I am not going to be a victim any more. It's time for this shit to end.


----------



## resonantblue (Mar 15, 2011)

sounds great. I think that fighting attitude is a really positive step towards taking control of the DP rather than it controlling you.


----------



## septimus (Jun 1, 2010)

I've tried doing that before, and honestly it just makes me feel shittier. I guess pretending to be happy is like a way of being optimistic. Sometimes I think about going back to doing that, but you just gotta fake it til you make it.


----------



## Surfingisfun001 (Sep 25, 2007)

that's the spirit


----------



## Strangerdanger (Oct 3, 2010)

That could be risky, pretending to be happy might help trick you brain into thinking you actually are happy.


----------



## Pablo (Sep 1, 2005)

This is something i'm confused about, as everyone always says keep a positive attitude and "keep smiling" and stewing in your negativity just makes things worse and all that stuff, but if you feel like crap then pretending to be happy is actually acting unreal on purpose and seeing as we all feel unreal shouldn't we be avoiding purposely acting unreal?


----------



## resonantblue (Mar 15, 2011)

Pablo said:


> This is something i'm confused about, as everyone always says keep a positive attitude and "keep smiling" and stewing in your negativity just makes things worse and all that stuff, but if you feel like crap then pretending to be happy is actually acting unreal on purpose and seeing as we all feel unreal shouldn't we be avoiding purposely acting unreal?
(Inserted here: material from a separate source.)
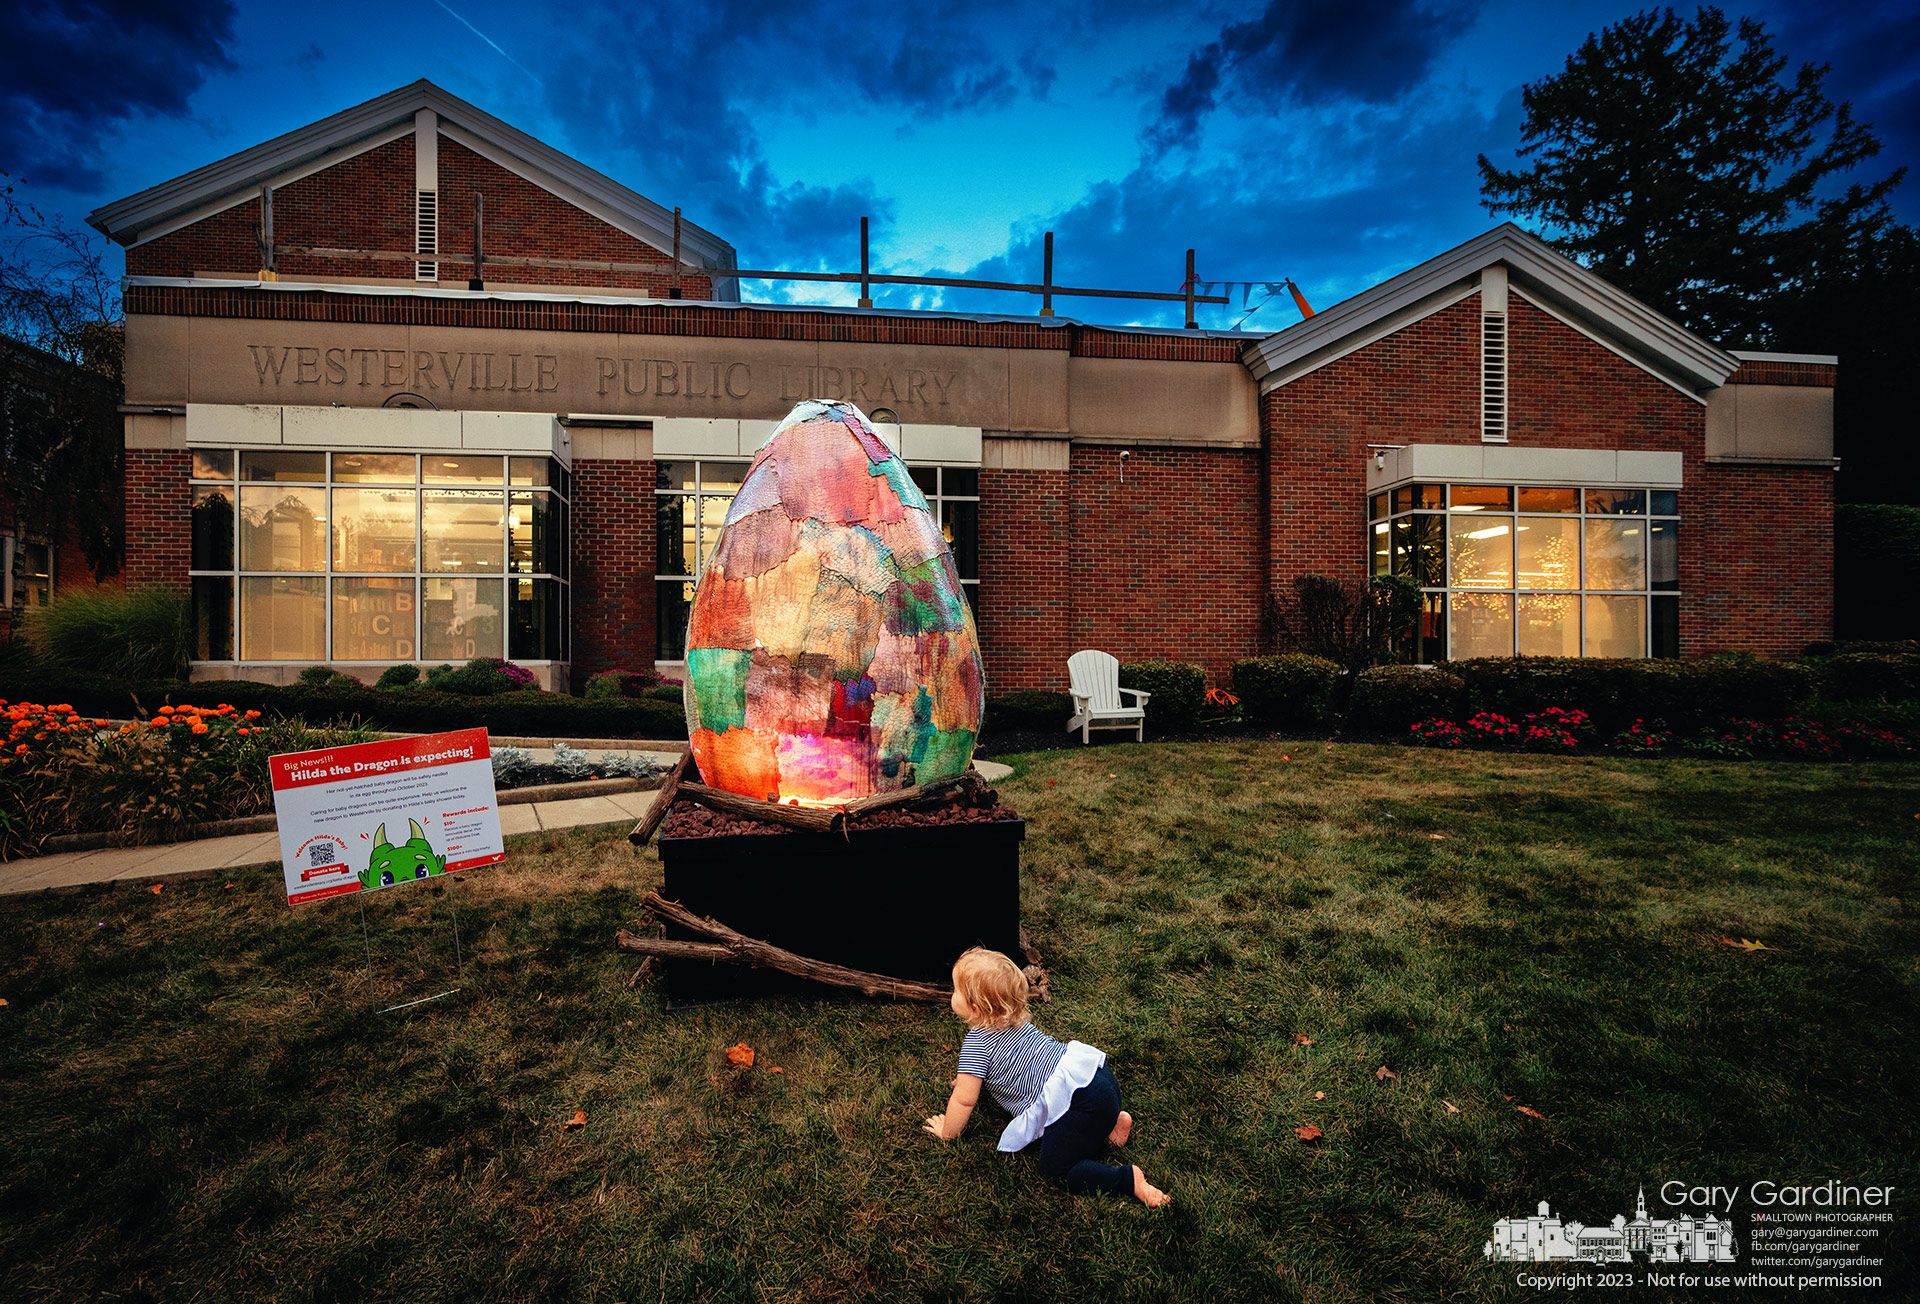 A toddler crawls her way to the glowing Hilda the Dragon egg decorating the front lawn of the Westerville Public Library for Wizards and Wands in October. My Final Photo for October 4, 2023.

my therapist has been telling me something along these lines- that my attempts to be INSINCERELY cheerful and nice perhaps contribute to the feelings of unreality/detachment because they deliberately create a split between the internal reality (for instance, unhappiness, anxiety, etc.) with external behaviour- essentially creating TWO selves- "real", internal self and "fake", external self. Probably not a good idea for DP'd individuals!

On the other hand- I don't think stewing in negativity is the answer. But neither is fake-happy. Being as sincere and "real" as possible is probably the best course of action.


----------



## Stoic (May 12, 2011)

Show your emotions, be yourself. If you are mad there's no point in hiding it, though sometimes it may be better.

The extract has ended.